20+ years shipping production infrastructure and CI/CD at scale. Notes here come from systems that actually shipped.
- Manager nodes: run the Raft consensus algorithm, maintain cluster state, schedule services
- Worker nodes: execute tasks (containers) assigned by managers
- Services: the declarative unit — you define desired state, Swarm converges reality to match
- Tasks: the atomic scheduling unit — one task = one container
- Raft consensus requires a quorum (majority) of managers to agree on state changes
- Overlay networks span hosts so containers can communicate across nodes
- Ingress routing mesh load-balances published ports across all nodes
- Rolling updates replace containers incrementally with zero downtime
Imagine a restaurant chain with one head office (the manager) and ten kitchens across the city (the workers). A customer order comes in — the head office decides which kitchen handles it, monitors the food being made, and if one kitchen burns down, it quietly reroutes the order to another kitchen without the customer ever knowing. Docker Swarm is exactly that: one command-and-control brain (the manager node) coordinating a fleet of worker nodes, making sure your containers keep running no matter what breaks.

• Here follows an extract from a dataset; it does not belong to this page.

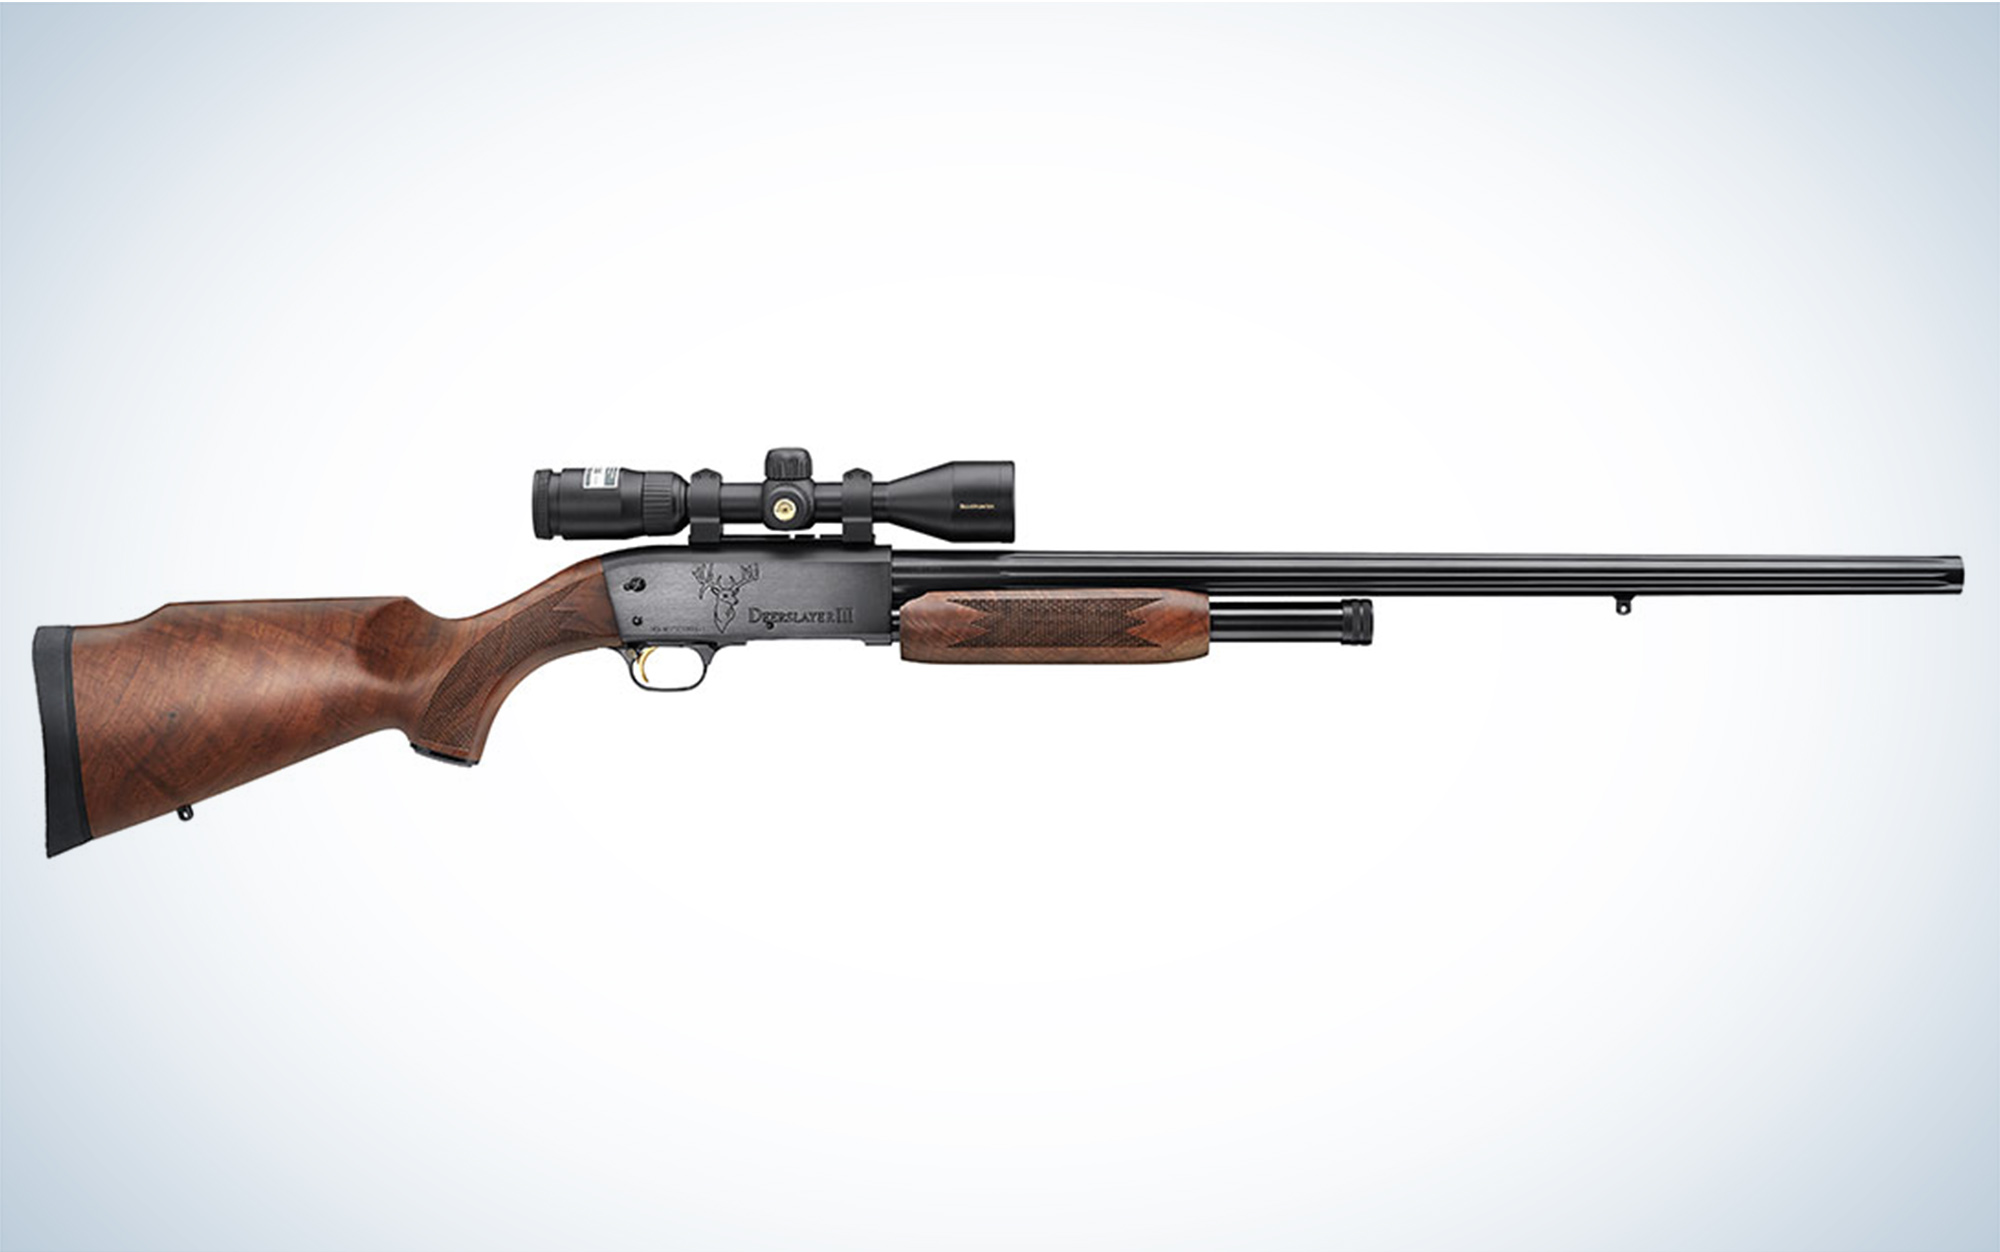 The Deerslayer III is available in 12 and 20 gauge.

Every production app eventually outgrows a single server. Traffic spikes, hardware fails, deployments need to happen without downtime. Docker Swarm is the native clustering and orchestration layer baked directly into the Docker Engine.
Swarm solves coordination across multiple hosts. When you have ten nodes, you need something to decide where a container lands, what happens when a node dies, how containers on different hosts communicate, and how you push a new image without dropping requests. Swarm encodes those answers into a distributed state machine backed by the Raft consensus algorithm.
Common misconceptions: Swarm is not deprecated (Docker continues to maintain it alongside Compose). Swarm is not Kubernetes-lite (it has a fundamentally different architecture — no pods, no CRDs, no etcd). Swarm's simplicity is its strength for small-to-medium deployments that do not need Kubernetes' complexity.
Why Docker Swarm's Manager Count Matters More Than You Think
Docker Swarm is a container orchestration engine built into Docker Engine that groups multiple hosts into a single virtual cluster. Its core mechanic is the Raft consensus algorithm: manager nodes elect a leader to coordinate all cluster state changes. Every service definition, secret, and configuration update must pass through the leader, which replicates it to a majority of managers before it's committed.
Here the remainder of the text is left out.